着々と試合は進み、遂に残っているのは俺らの学園のペアがほとんどの状況になってきた。


隼と優は順調に2、3回戦をストレートで勝ち進み、俺と五郎もいよいよ次の試合でこの学園の3番手と当たることになる。



そして、女子で唯一、一年から個人戦に出る梨々ちゃんと小春のペアも、一回戦を勝ち抜き、次の試合を控えているらしい。


どうやら俺らの試合と時間的に被るようだから、さっきのように応援に来てもらえるということはないだろうけど........
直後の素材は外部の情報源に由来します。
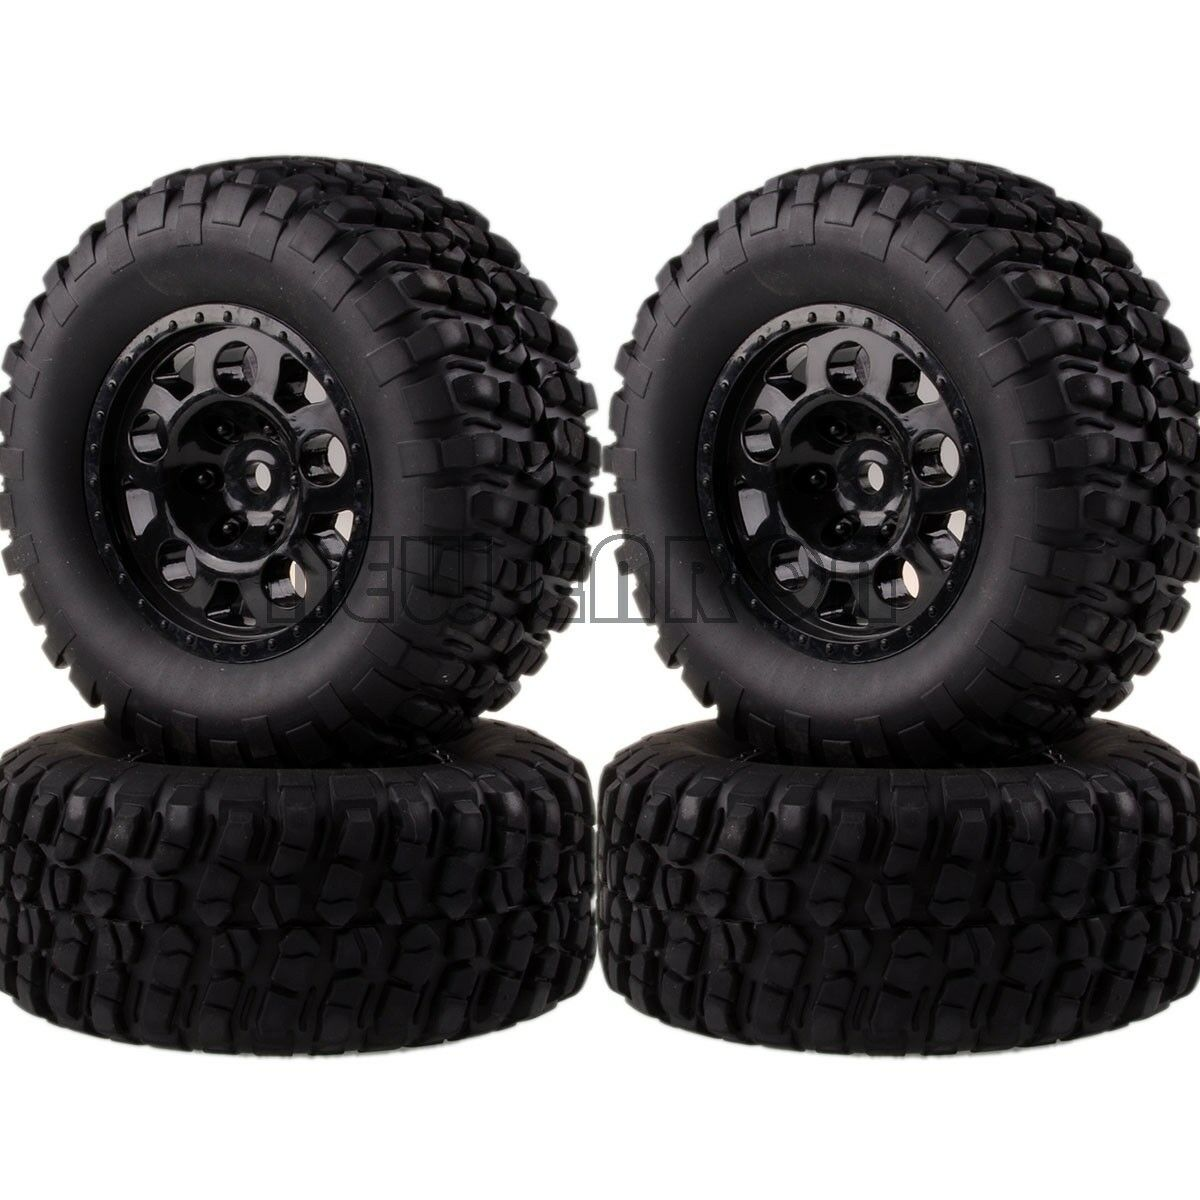 1182-13 RC RC RC 1 10 Wheel Rim & Tyre,Tires For Traxxas Slash 4x4 Pro-Line Racing defb9c
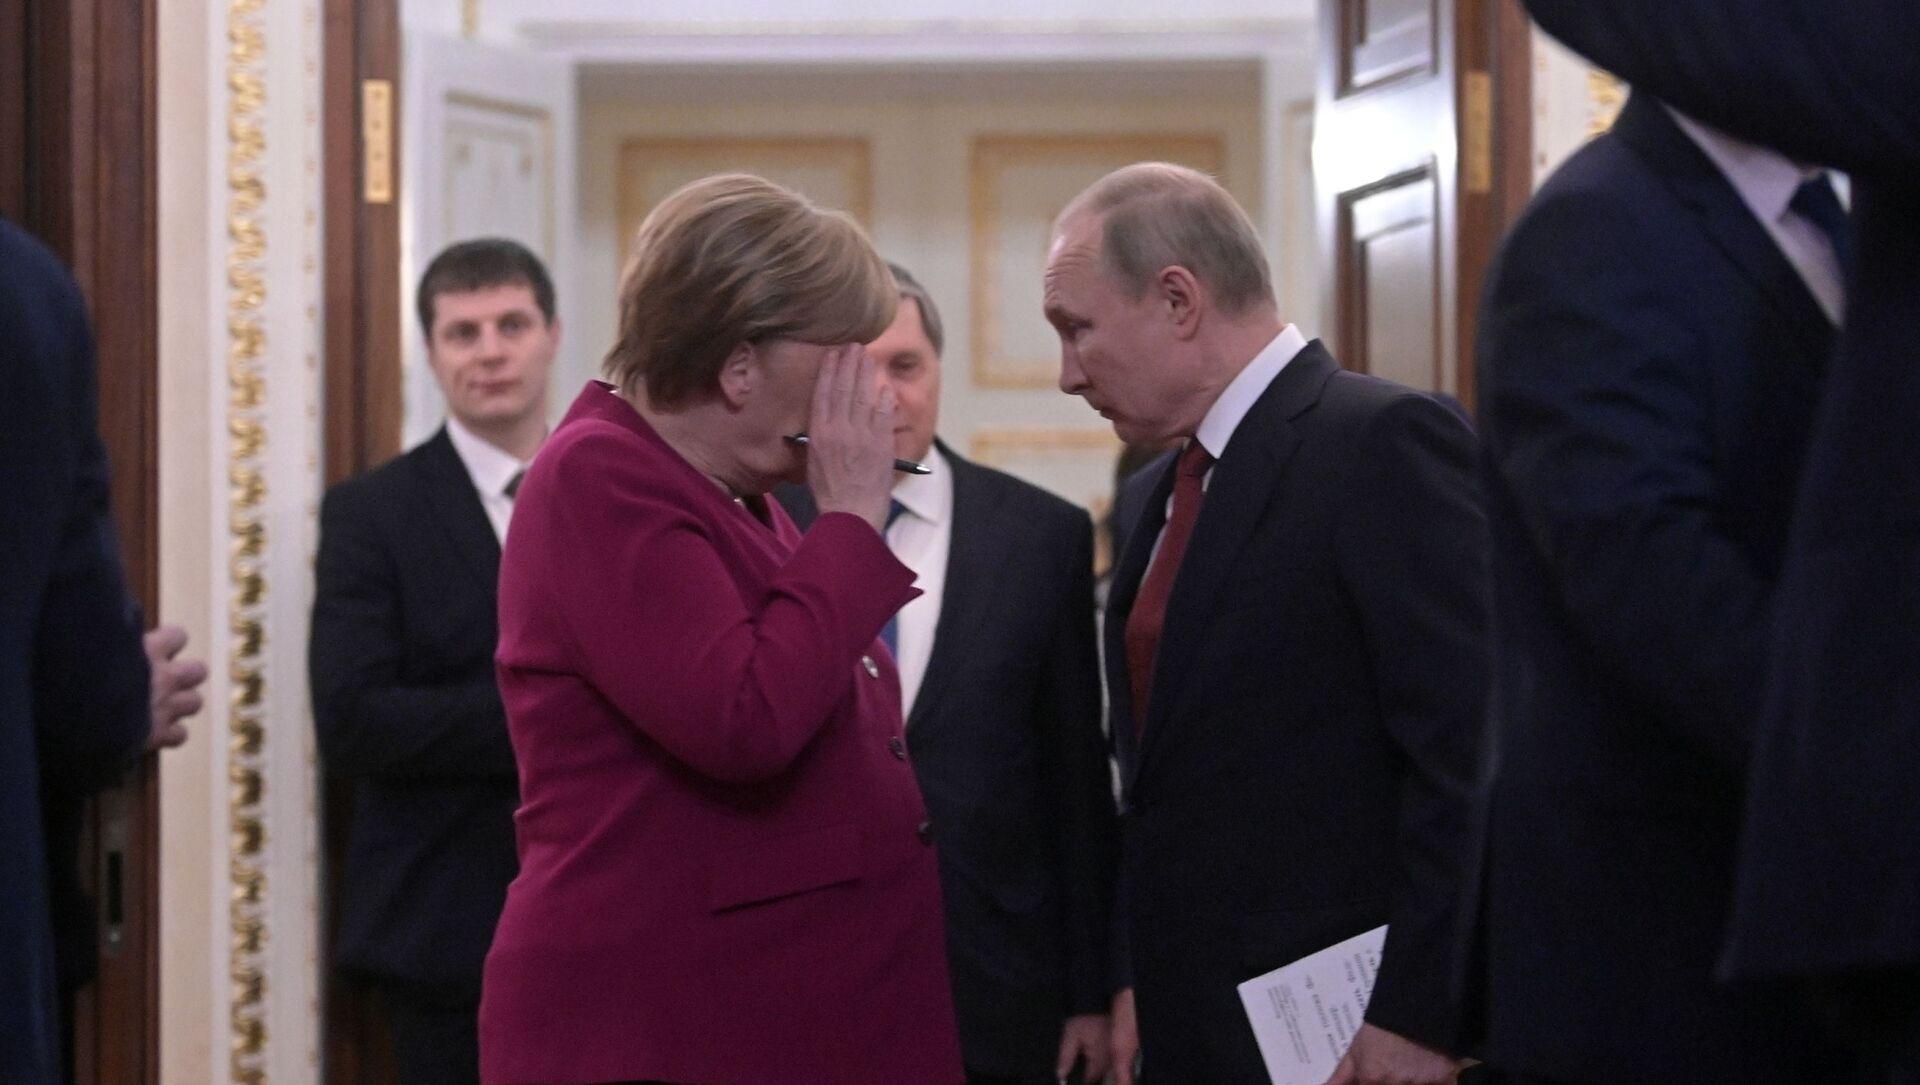 Ruski predsednik Vladimir Putin i nemačka kancelarka Angela Merkel - Sputnik Srbija, 1920, 22.06.2021
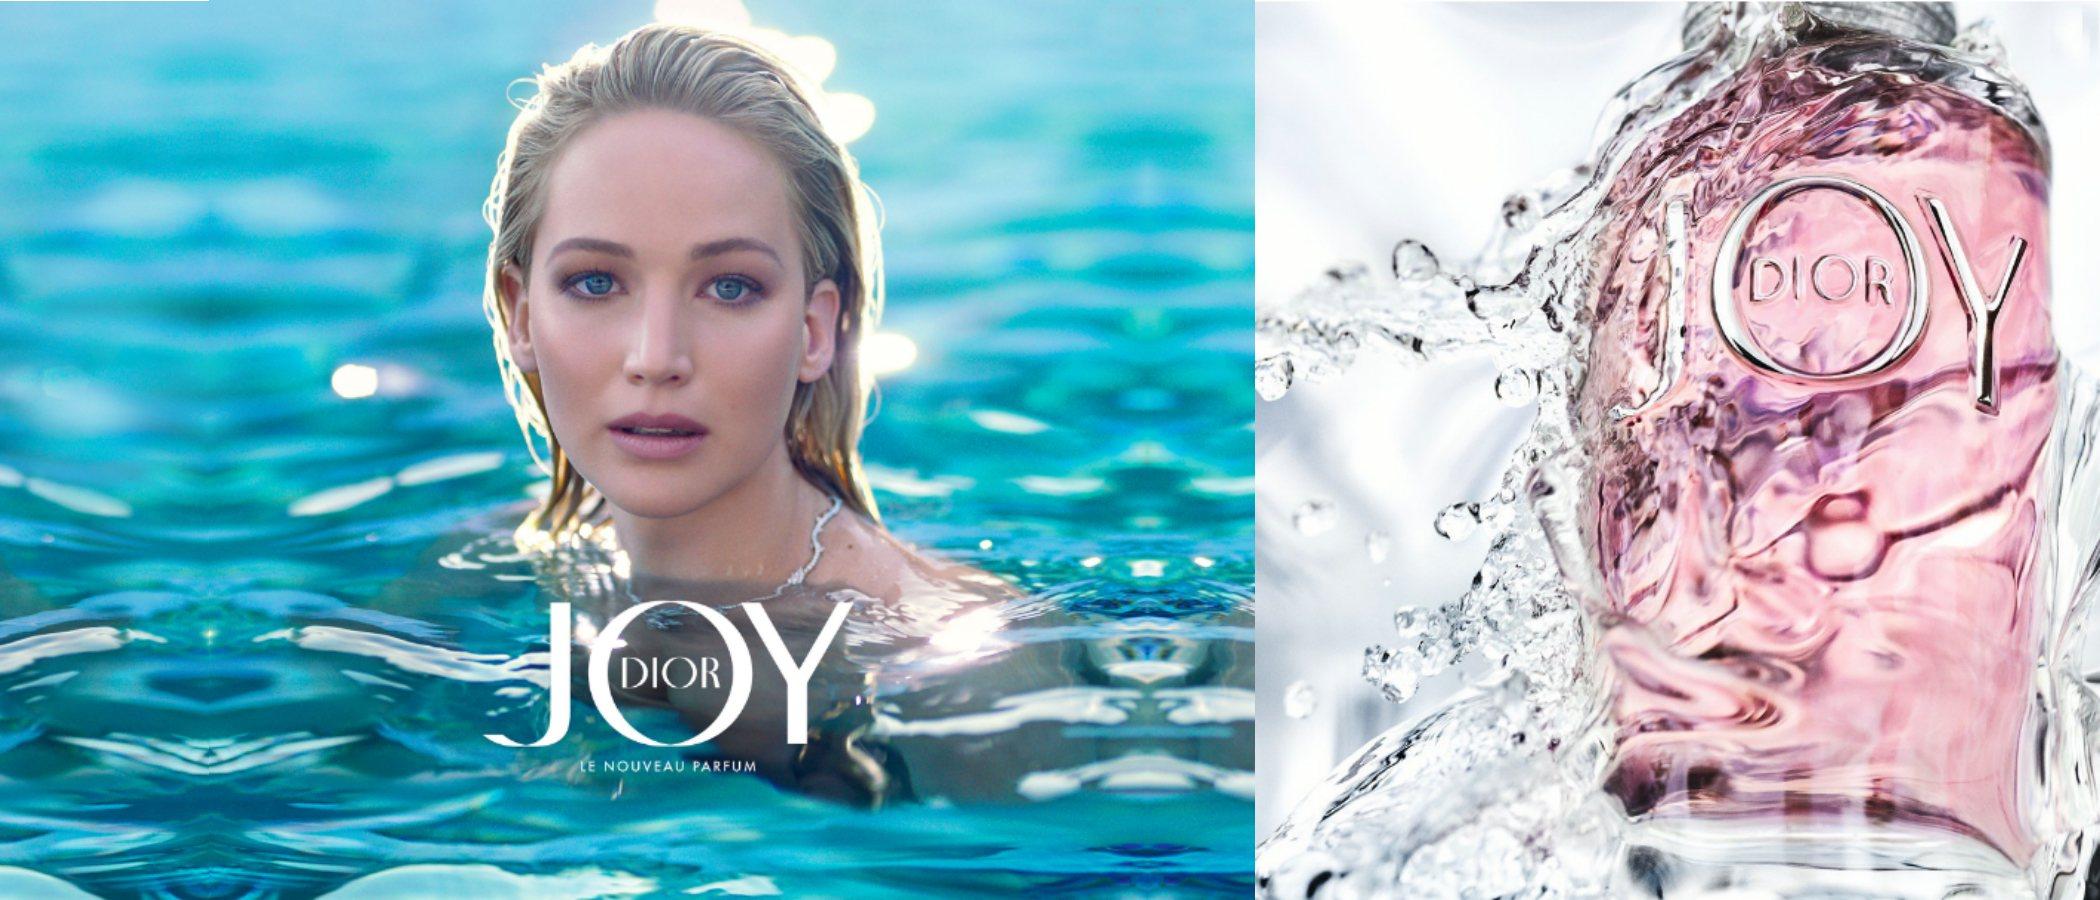 Jennifer Lawrence presenta 'Joy by Dior', el nuevo perfume para mujer de la casa francesa

「なあなあ!次の試合始まる前に、少し梨々ちゃんと小春に会いに行かねぇ?」


俺の隣でひたすら素振りをしていた五郎に声をかけてみた。


どうせ五郎も同じことを考えていたのだろう。


普通の奴ならここで、「試合直前だというのに女に現を抜かしてるなんて、なんて奴だ!」とか言うんだろーけどさ。


相手は天下の女好き五郎さんだぜ?



「うむ。試合前の景気付けとしていっちょやるか。」


などど抜かしている。


さすがだ。







女子コートの方へ向かって歩いていると、たまたま正面から梨々ちゃんと小春が並んで歩いてきた。


「あ!瑠千亜くん!五郎くん!!!」


俺らに気づいた梨々ちゃんが手を降って駆け寄ってくる。


可愛いなぁ.....これだから隼といい五郎といい、モテる男を一気に虜にするんだろうなー



チラ、と隣の五郎を見ると、やはり考えてることは俺と同じみたいで、こいつもさっきまでよりも目を輝かせている。

でもここであからさまにニヤニヤしたりしないのがこいつの凄いところだ。

女慣れしてる男程怖いものはないのに。




そして、梨々ちゃんの隣に立っている、その女慣れしてる男に惚れてる女は、五郎の様子に一瞬だけ不満そうな顔をした。しかしこいつも恋愛には相当慣れているようで、すぐにいつも通りのポーカーフェイスに戻った。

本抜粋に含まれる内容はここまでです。